No, he will kill me if I do not. The words were so clear in Alessio’s mind that for a moment he thought he had spoken them aloud. As he stared at Tonio’s face, he wondered where the words had come from.
Then, because he was first of all a man of action, he threw off the introspection that had been paralyzing him all evening. As energy and power surged through him, he cast Antonio a dazzling smile.
“Drink a cup of wine to my good fortune, Tonio.”
“I would drink a barrel if I thought it would do any good,” Antonio said morosely, but Alessio’s sudden confidence was so contagious that he, too, smiled. “Forza, Alessio, e buona fortuna.”

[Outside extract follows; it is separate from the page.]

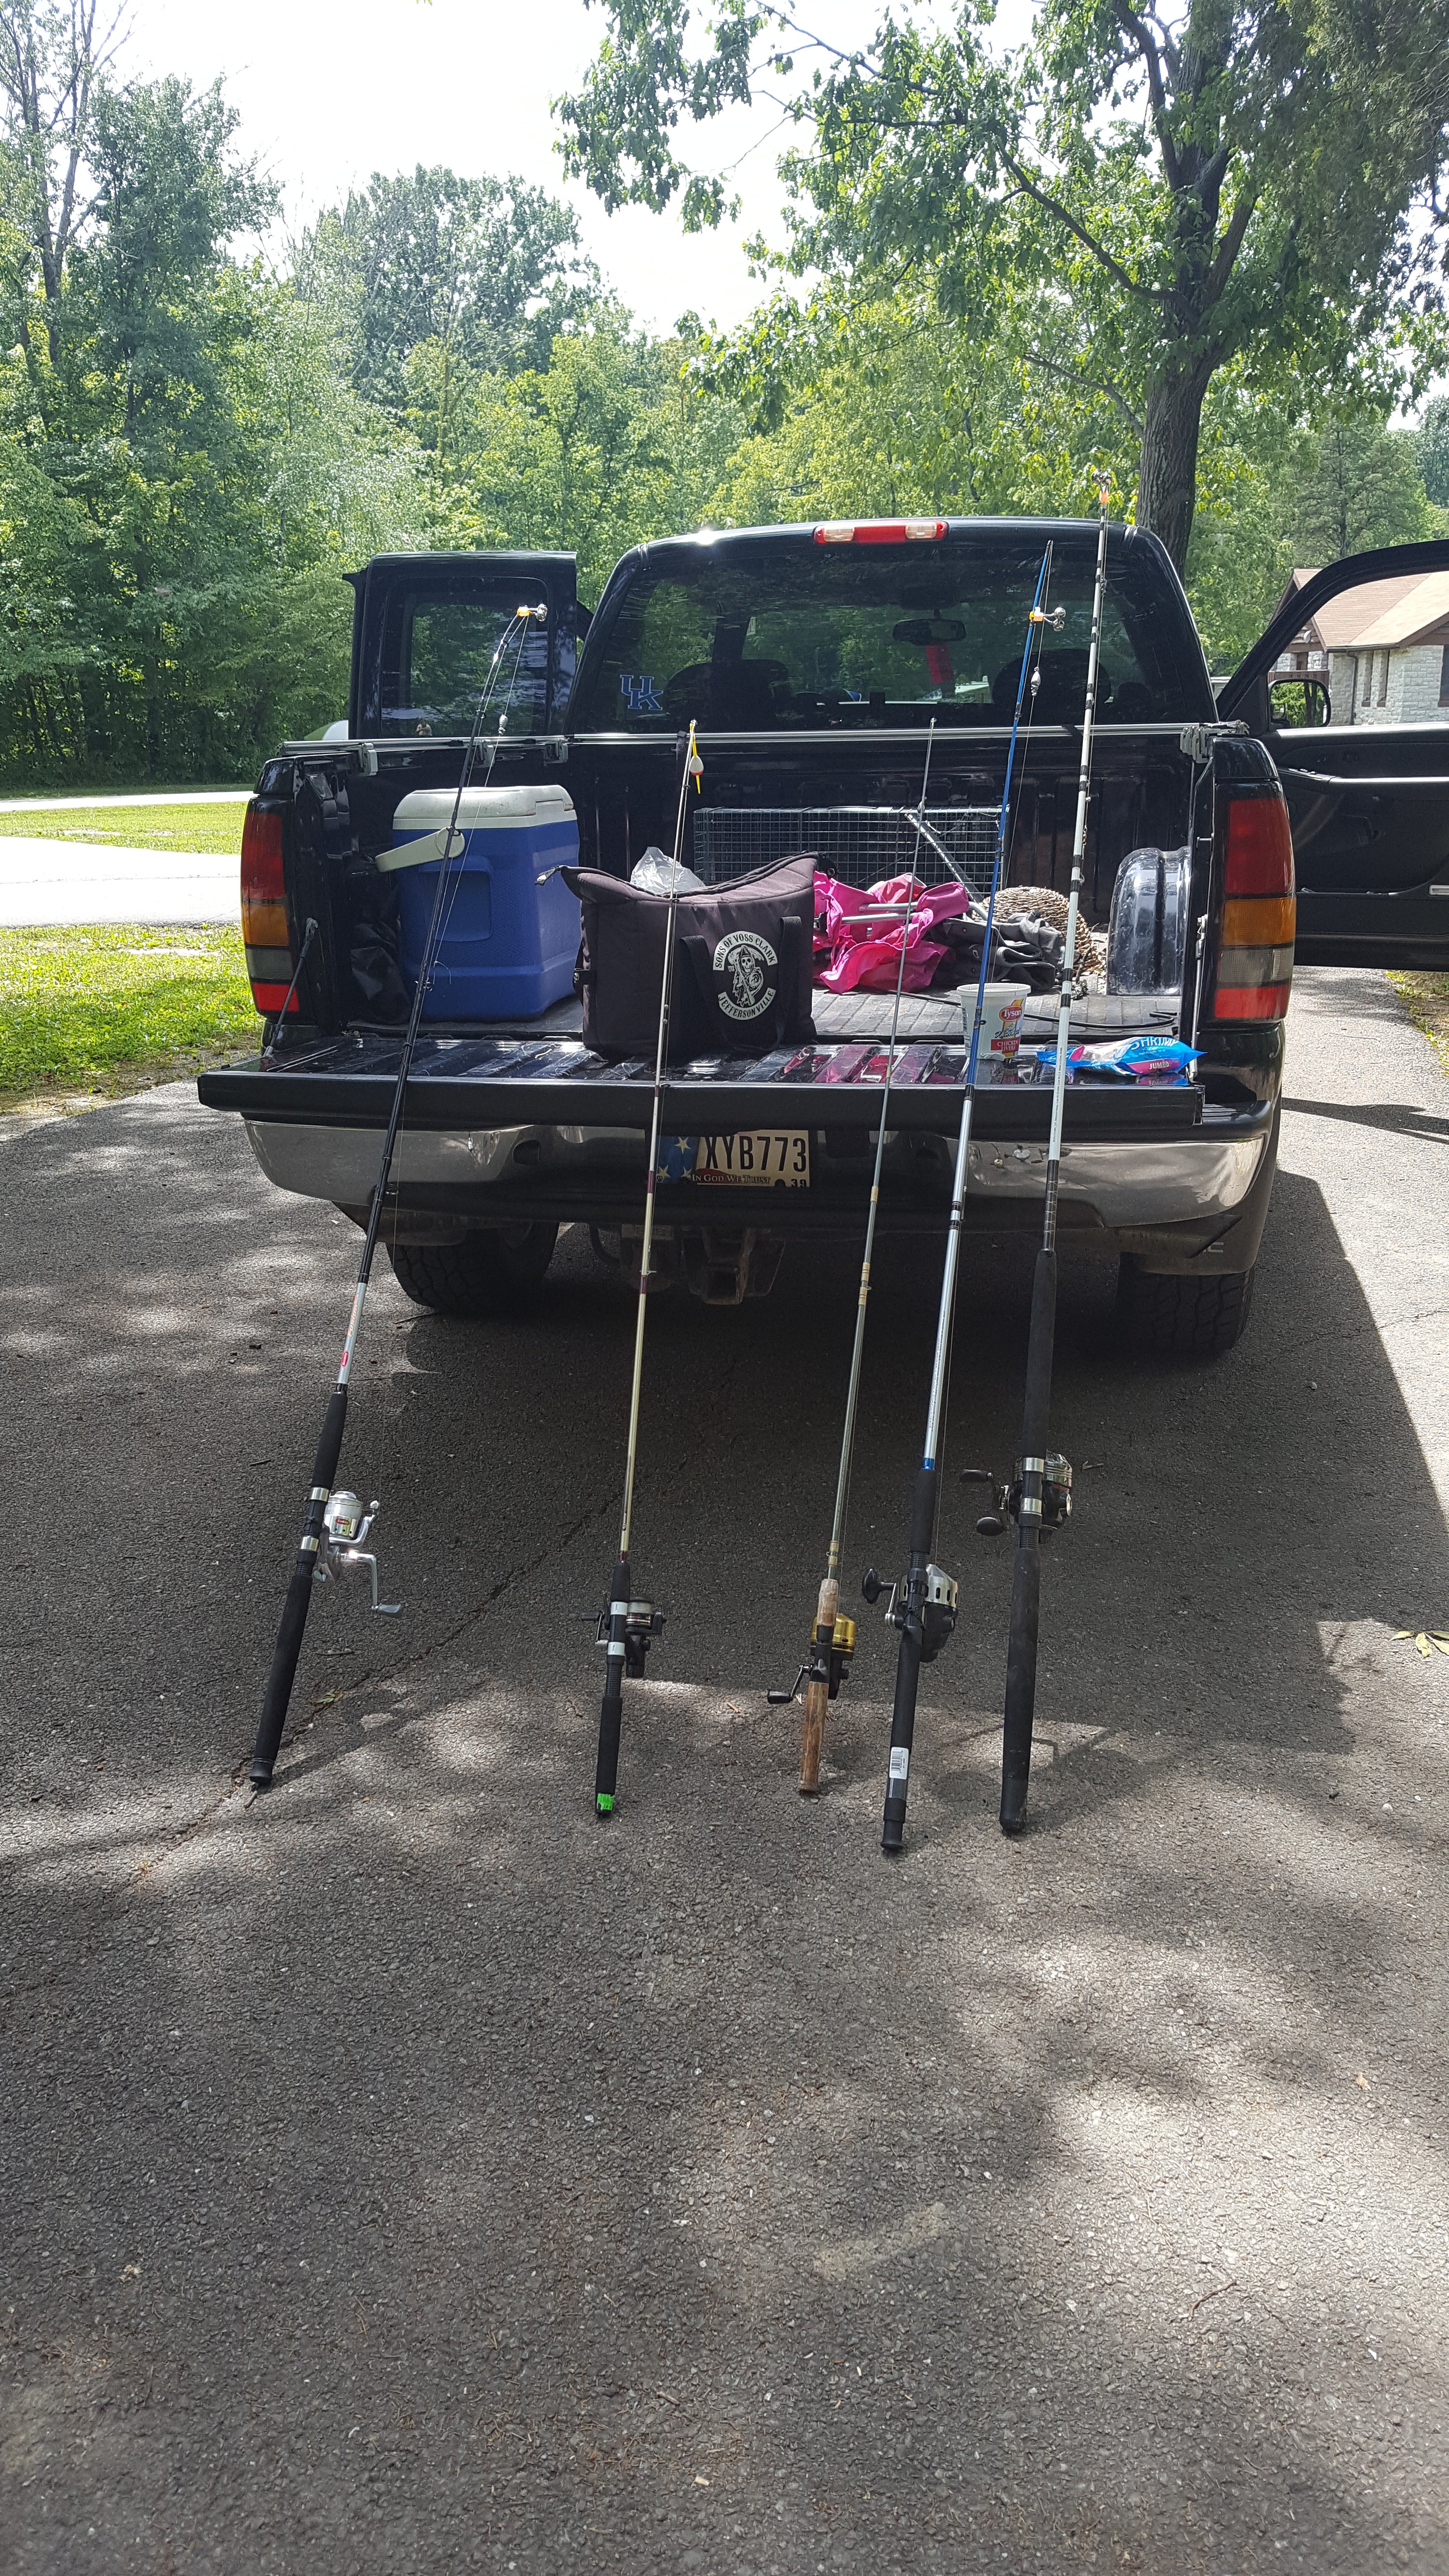 Ready to go fishing

Alessio’s smile wavered for a moment as he remembered that those had been his exact words to Bianca that morning. Then, deciding to take that as a good omen, he laughed. He withdrew a handful of coins from his purse and tossed them on the table. Then he took a silver lira and, gesturing with his chin toward the shards that still lay on the floor, flipped it in the direction of the innkeeper.
The man caught the coin deftly and bowed low, well pleased. The coin was worth more than the bit of broken crockery. But then, Messere Alessio was always generous.
With another smile, Alessio gave Antonio a slap on the back. Then he took the stairs two at a time, unbarred the door and stepped out into the night.